Space is the final frontier. Whether you’ve watched Star Trek or not, this statement holds a certain universal appeal and endorsement. I mean, what’s left for humanity to conquer on the planet now? The highest peak on the planet is trashed with both garbage and corpses. The deepest part of the ocean has been photographed and filmed. Our home, mother Earth, is already on a fast lane towards climate change. The ocean currents are altering, weather patterns have become erratic, wildfires are laying waste in unlikely places, floods are ravaging the mountains. Taking over from Nostradamus, modern meteorological and science departments are predicting that many coastal cities around the world will be underwater within the next few decades. Makes sense then, that billionaires like Jeff Bezos, Richard Branson, and planet Earth’s poster boy Elon Musk are looking towards interstellar conquests. Humans will survive the scourge of nature, the inevitably of the planet’s terraforming, by relocating to the stars. If Musk is to be believed, Mars is the next destination. Next, it could be Saturn’s moon Titan or Jupiter’s moon Ganymede. Humanity could be hopping heavenly bodies in a bid to survive and explore. It’s a vision that makes the 1969 moon landing by NASA seem like a Walt Disney cartoon.

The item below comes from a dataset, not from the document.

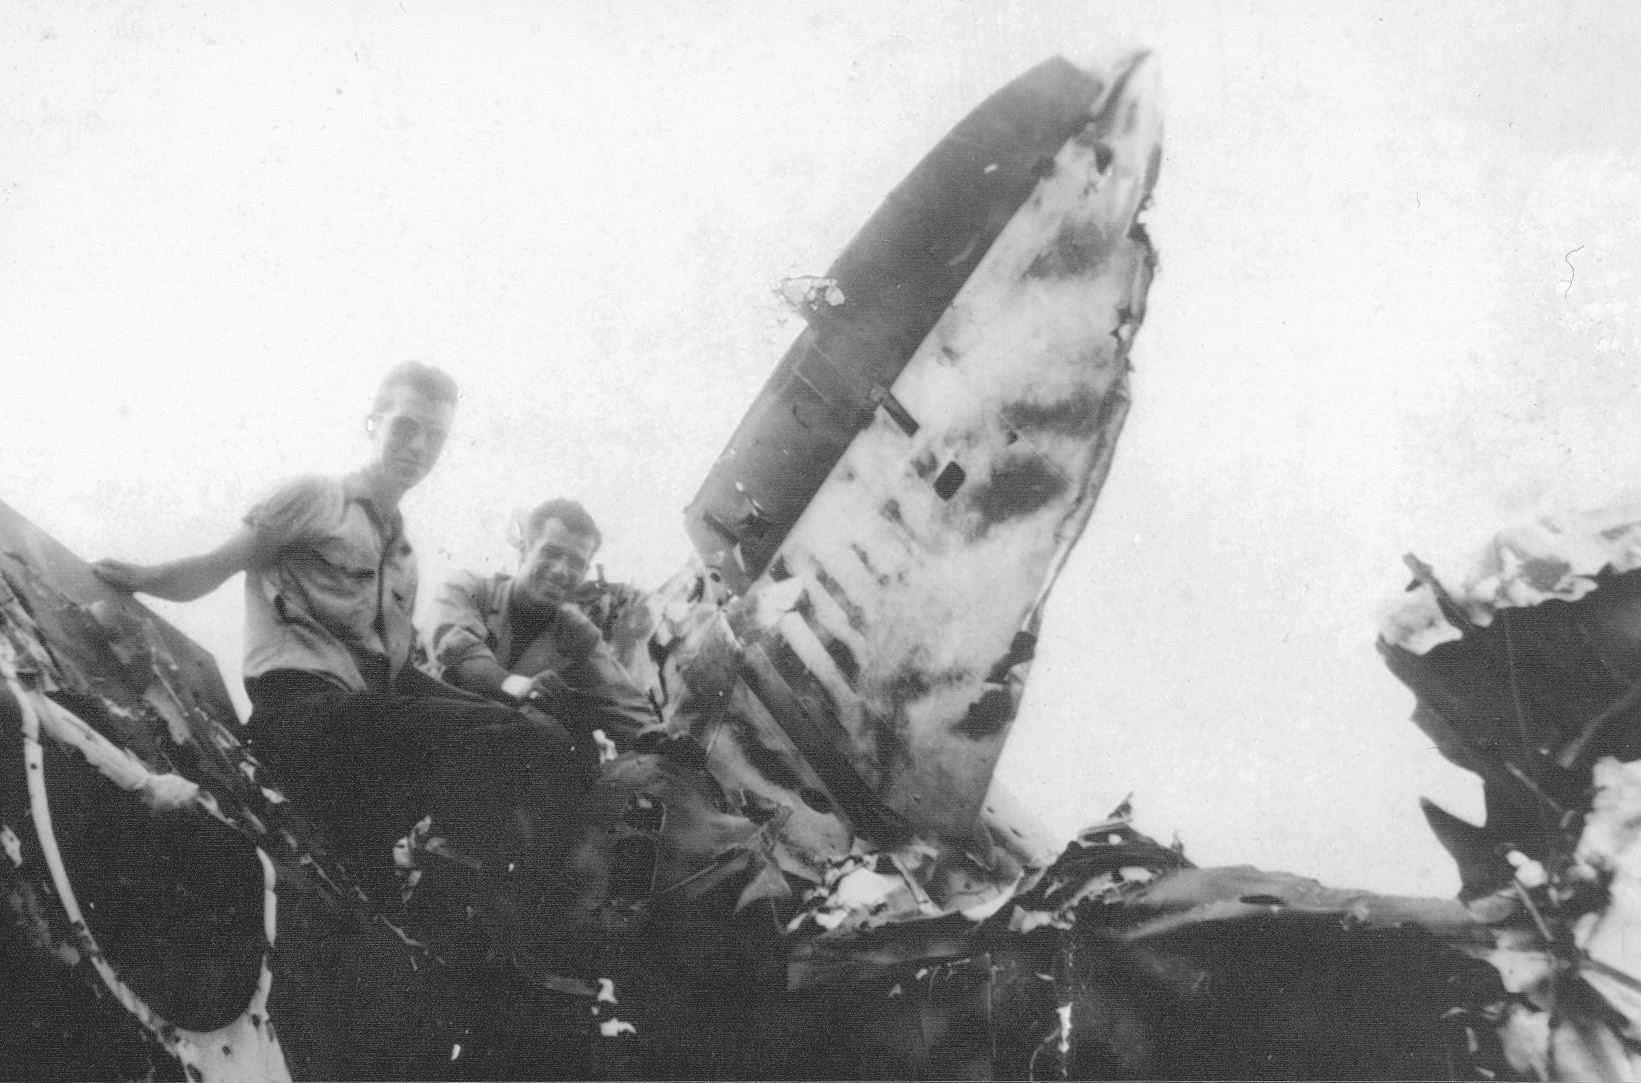 Red Mantini (right) and a comrade pose atop a wrecked Japanese aircraft in their search for souvenirs.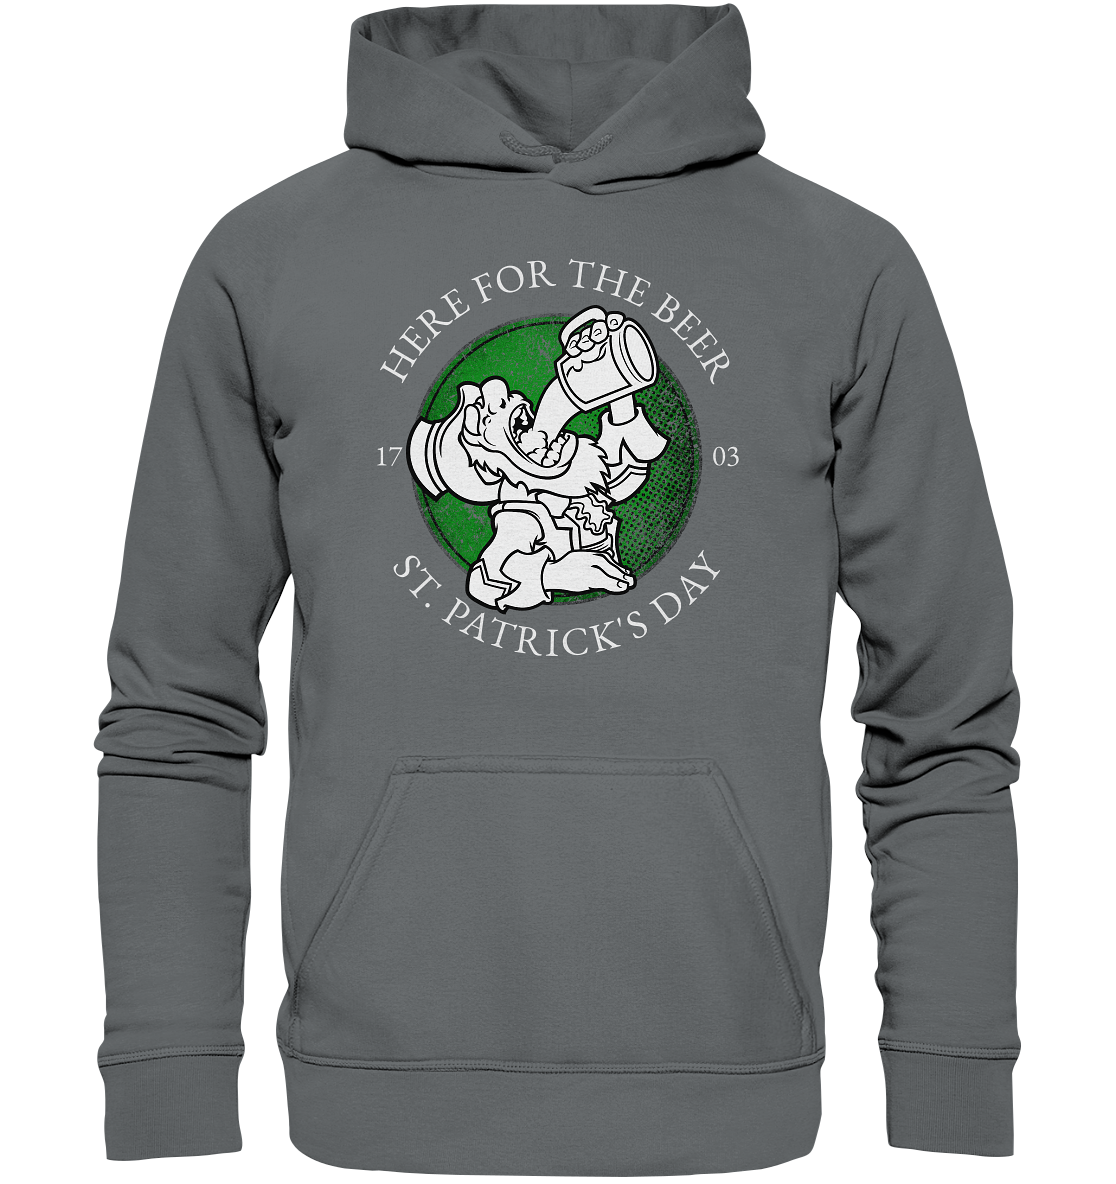 Here For The Beer "St. Patrick's Day" - Basic Unisex Hoodie

But this isn’t just about a Stanley Kubrick or Chris Nolan type dream. This is the future of the human economy. Richard Branson’s Virgin Atlantic will have a new program called Virgin Galactic (VG), and it will take non-astronaut humans on a space tourism escapade. It’s being speculated that these trips could cost as much as $450,000 for a single human. Also in the fray is Bezos’ Blue Origin, which plans on revolutionizing space tourism, just like VG. Reportedly, VG started selling its space tickets as low as $200,000, and it’s believed that they’ve already sold 600 tickets. Do the math and you get a capital raised of $120 million even before setting up the infrastructure for this ambitious project. Another US-based company called Space Perspective is offering a cheaper alternative where you can travel up to 19 miles above the Earth at the price of $125,000 per person. Space starts approximately 100 kilometers above the surface, that’s roughly 62.5 miles. So at 19 miles, you’ll be way short of the authentic space travel experience, but hey, the return on investment ratio isn’t bad at all.
So what is the reality of space travel? Musk’s ambitions entail sending humans to Mars by 2026. And he doesn’t just want to send them there; he wants to kick start a whole new crucible of civilization on a planet that purportedly doesn’t even have a functional atmosphere. Watching Arnold Schwarzenegger’s Total Recall (1990) come to life in reality will surely be worth a few billion dollars. If going to the stratosphere will cost hundreds of thousands, a trip to another planet might just escalate into billions. Ladies and gents, let’s start saving. There’s an old saying, aim for the moon. Let’s aim for Mars then, and who knows, we might just end up on the white sphere of cheese. Godspeed.